Nonverbal messages are all the messages we transmit without words or over and above the words we use. They include all the nonverbal aspects of our behaviour: facial expression, posture, tone of voice, hand movements, manner of dress, and so on. Intentional nonverbal messages are ones we want to transmit. We use them to reinforce verbal messages. At times we deliberately use nonverbal messages to cancel out a polite verbal response and indicate our true feelings: the verbal message may be positive, but the tone of voice and facial expression indicate that we mean something negative.

Unintentional nonverbal messages are all those nonverbal aspects of our behaviour transmitted without our control. Controlling nonverbal messages is a very difficult task. Body language often gives us away.

14b

Expressed and Implied Locutionary Acts

AAA locutionary act is the act of simply uttering a sentence from a language; it is an act of producing a meaningful expressions such. It contains the speaker’s verbalized message and describes what the speaker says. It involves three components:

1. a phonetic act of “uttering certain noises” – sounds;

2. a phatic of constructing a particular sentence in a particular language: uttering certain words belonging to a certain vocabulary, in a certain grammar, with a certain intonation;

3. a rhetic act of contextualization of a certain sense and reference which are equivalent to some meaning.

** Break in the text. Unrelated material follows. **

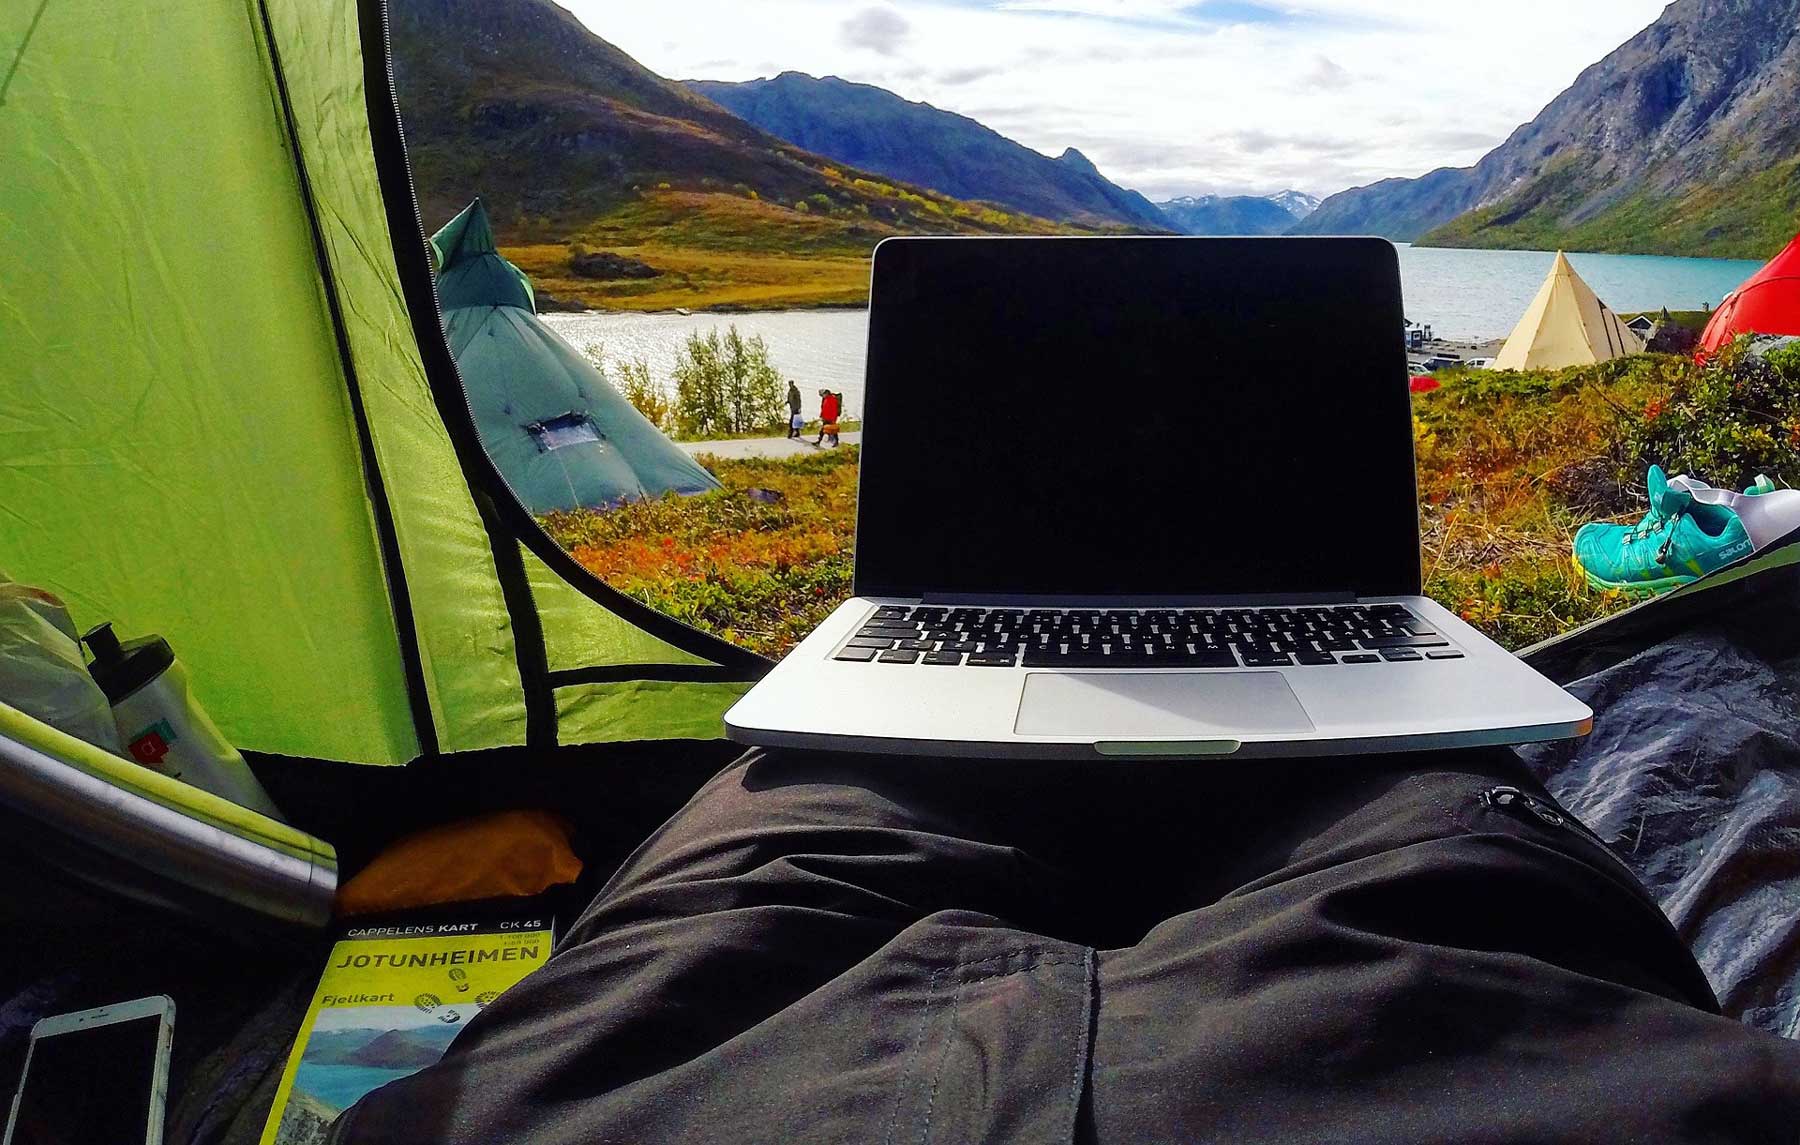 Laptop inside a camping tent

The locutionary act is concerned with the propositional content of the utterance, which is what follows the performative verb in an explicit performative and the entire utterance in a nonexplicit performative.

Explicit: I promise I’ll write the report tomorrow.

Nonexplicit: I’ll write the report tomorrow.

The propositional content of a locutionary act can be either expressed directly or implied via implicature. The propositional content is expressed if the utterance actually contains an expression of the propositional content condition for the illocutionary act involved.

On the other hand, the propositional content is implied if the utterance does not contain an expression of the propositional content condition for the illocutionary act involved.